Manufacturing sector contracts for 5th-straight month. ISM manufacturing data released today showed the manufacturing sector contracted more quickly than expected, with the index at 47.2 vs. surveyed estimates of a 47.5 print. The sector has been in contraction since April, and this represents the 2nd lowest index reading since last November. Chair of the ISM Manufacturing survey committee Timothy Fiore said, “Demand continues to be weak, output declined, and inputs stayed accommodative… companies show an unwillingness to invest in capital and inventory due to current federal monetary policy and election uncertainty.”
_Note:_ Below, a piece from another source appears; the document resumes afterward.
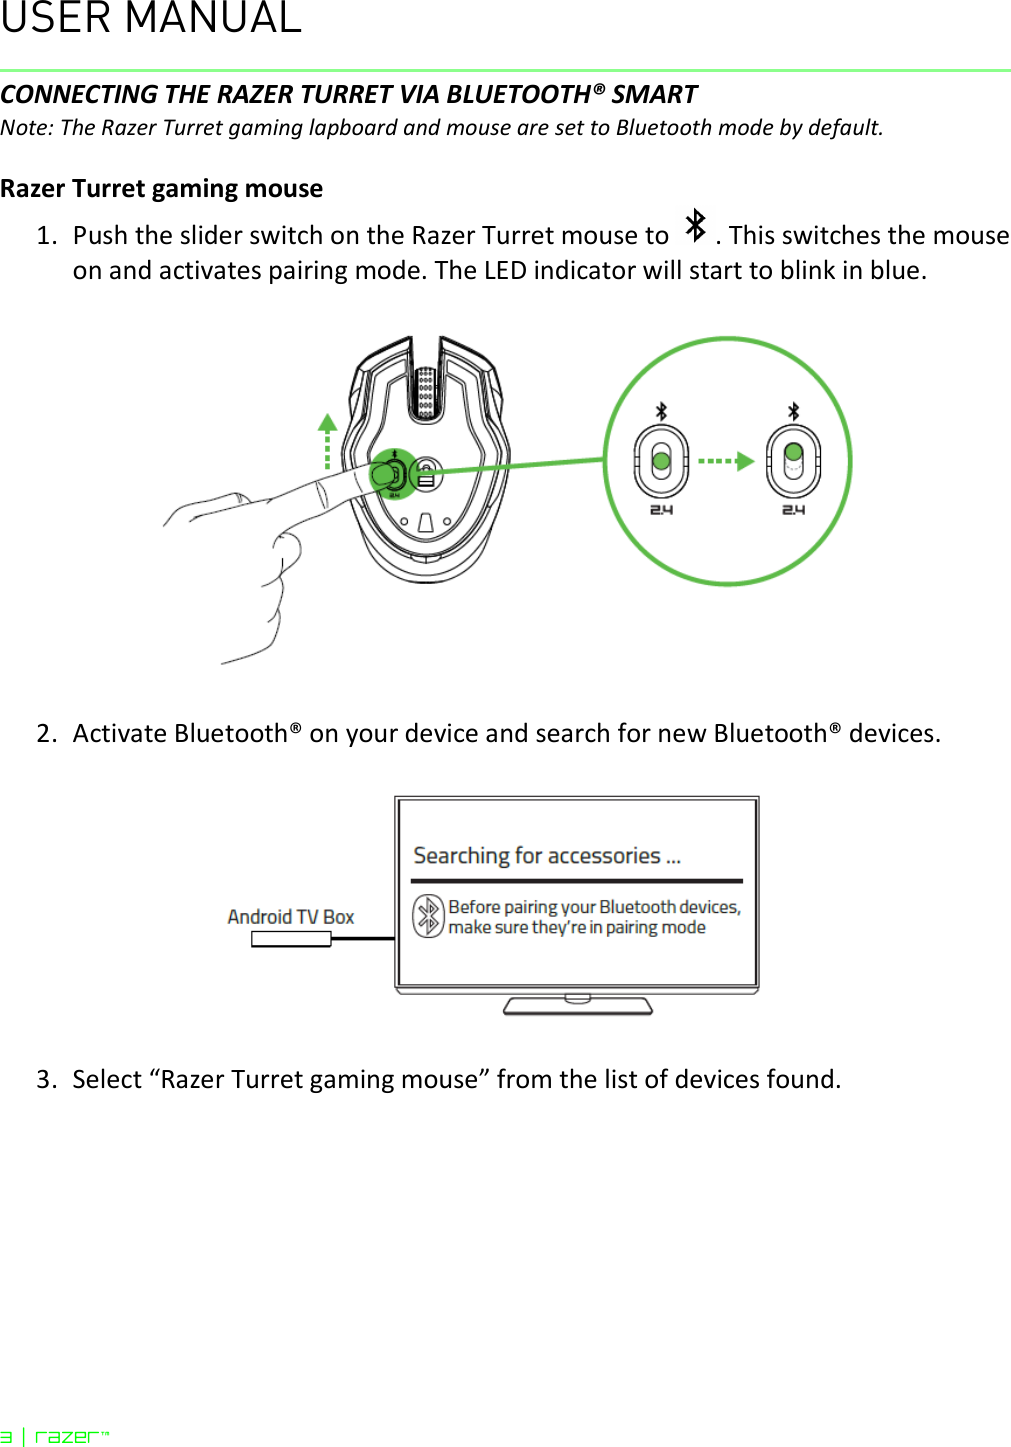 USER MANUAL 3 | razer™  CONNECTING THE RAZER TURRET VIA BLUETOOTH® SMART Note: The Razer Turret gaming lapboard and mouse are set to Bluetooth mode by default.  Razer Turret gaming mouse 1. Push the slider switch on the Razer Turret mouse to  . This switches the mouse on and activates pairing mode. The LED indicator will start to blink in blue.    2. Activate Bluetooth® on your device and search for new Bluetooth® devices.    3. Select “Razer Turret gaming mouse” from the list of devices found. 
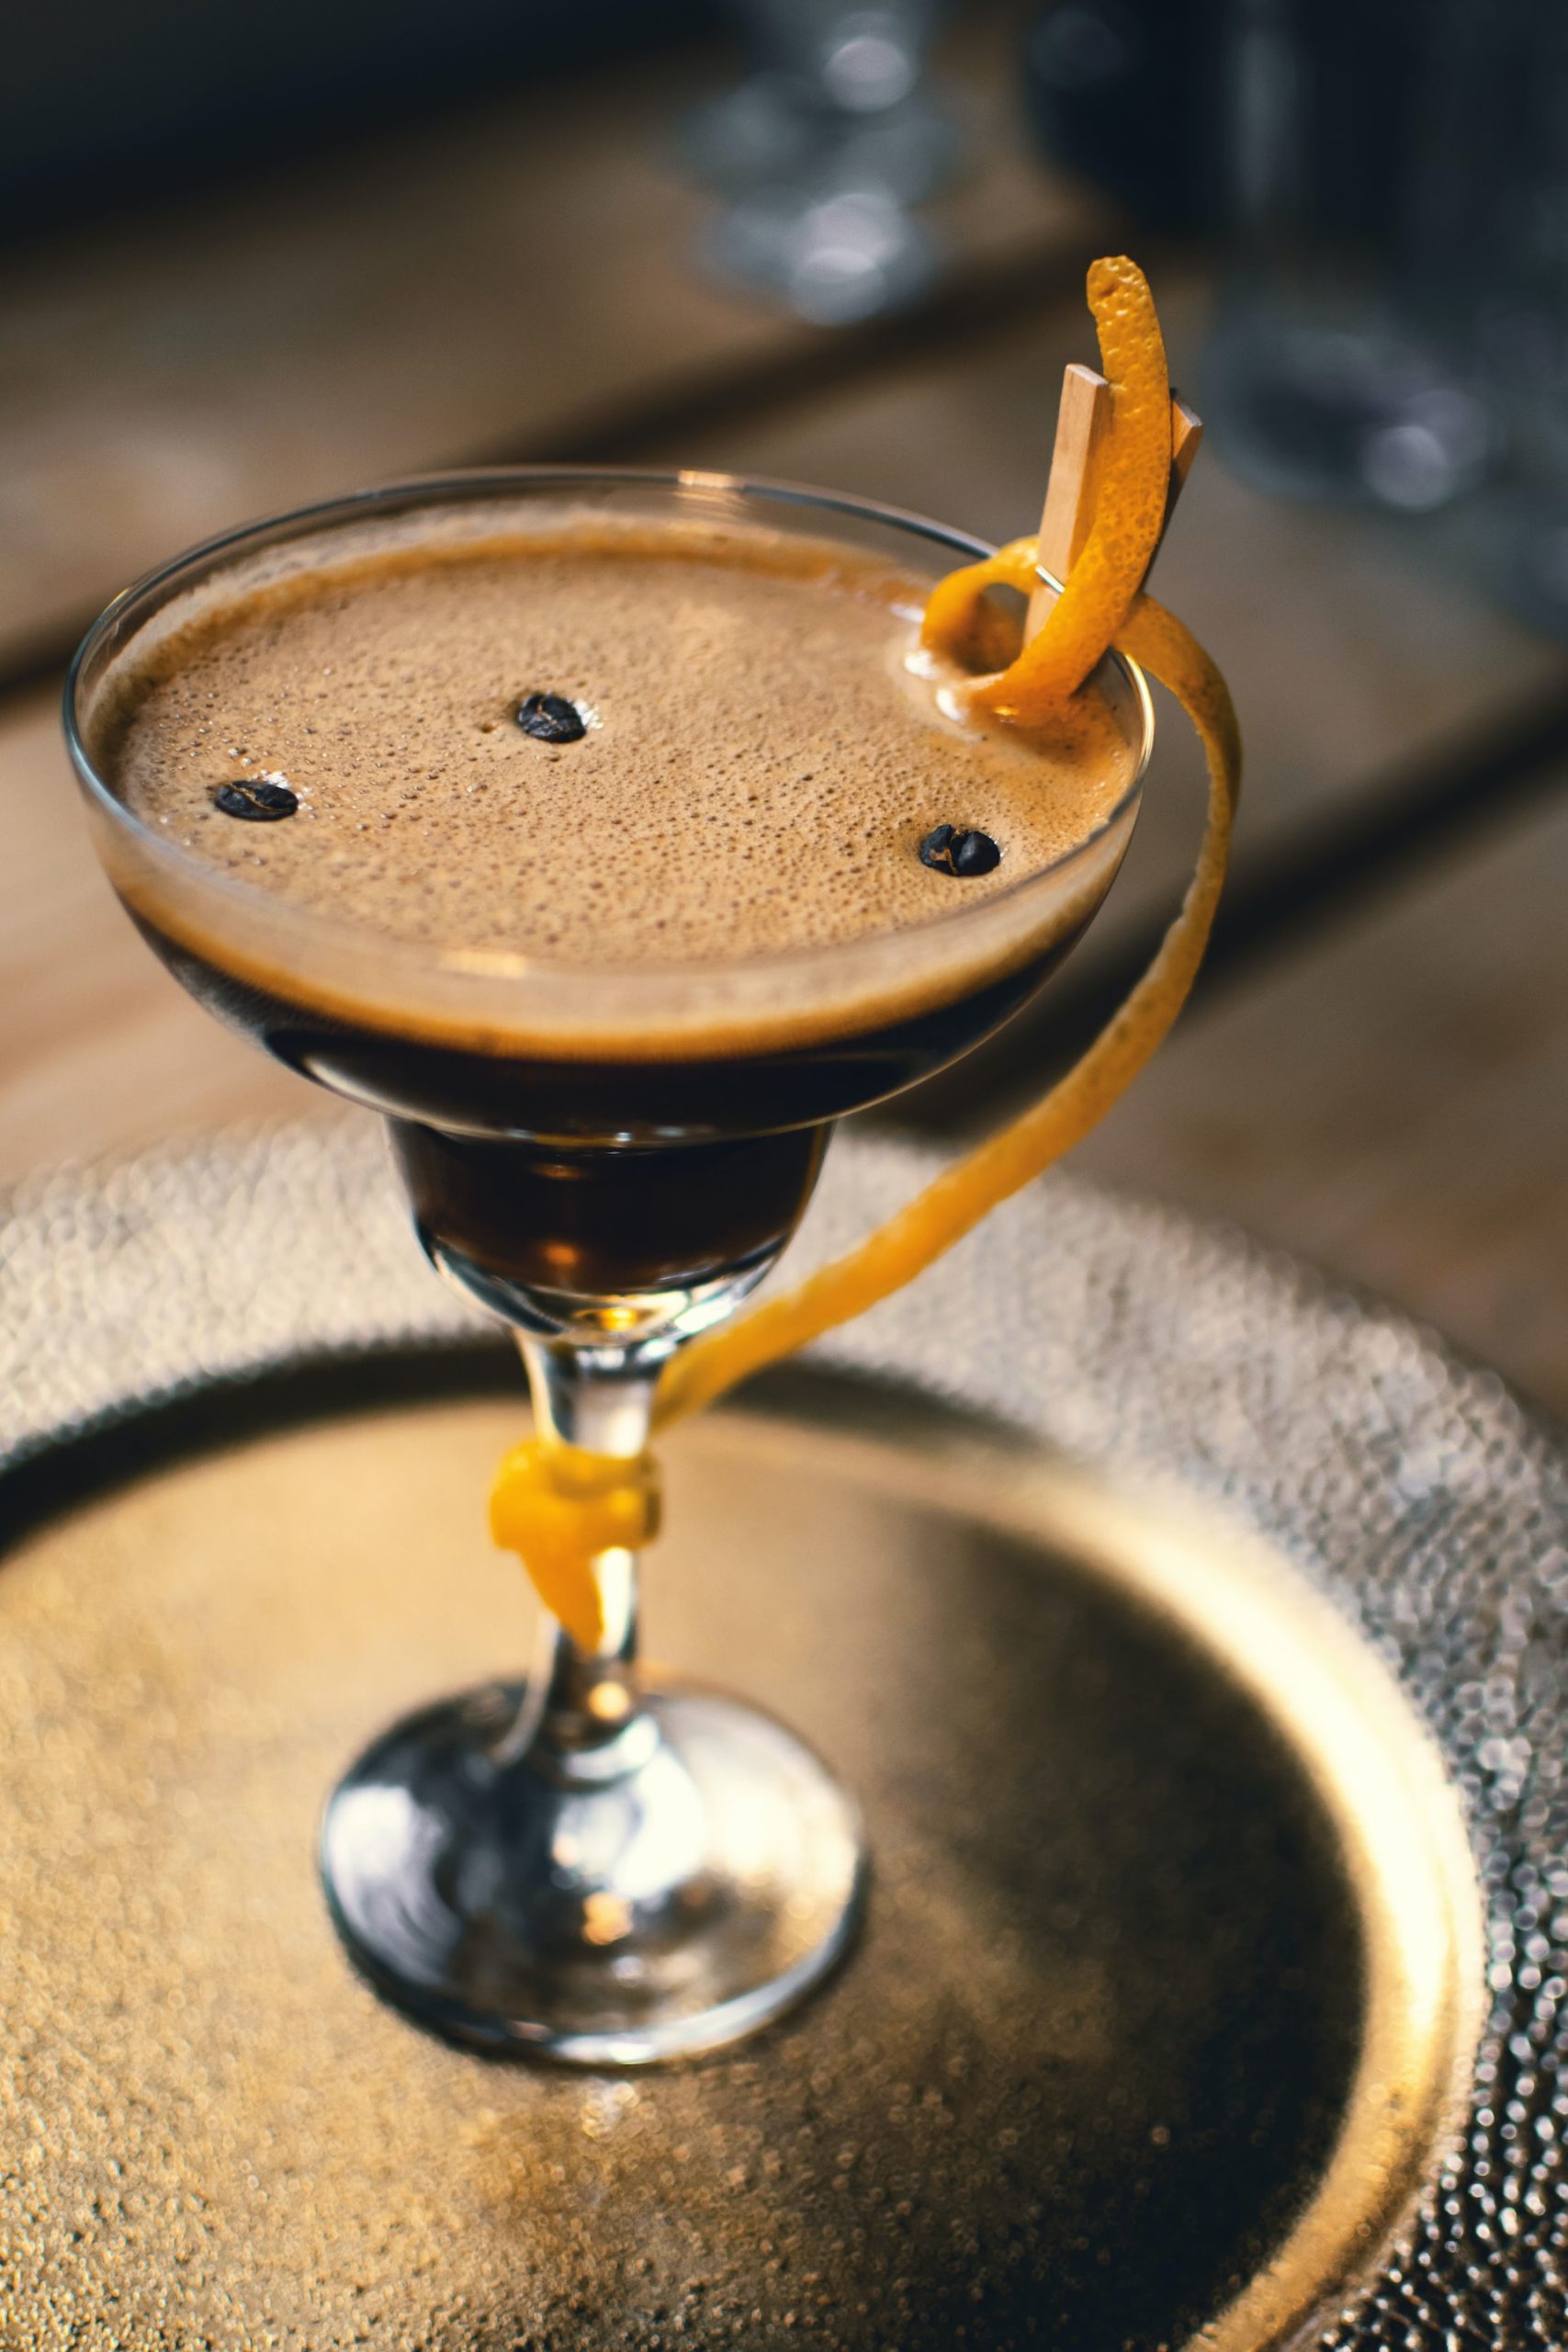 A whiskey-based coffee cocktail with Bénédictine garnished with a thinly sliced orange peel.

Swiss National Bank (SNB) is likely to cut policy rates again as inflation slows. The SNB was the first major central bank to enact monetary easing, having already cut rates twice this year. A third is likely to follow at the end of September, especially after overnight figures showed that the consumer price index (CPI) slowed to 1.1% year-over-year in August from 1.3%. Month-over-month CPI was 0.0%, the third consecutive print with flat inflation or outright deflation (-0.2% in July). Futures markets currently have a 25bp rate cut priced in both this month and in December.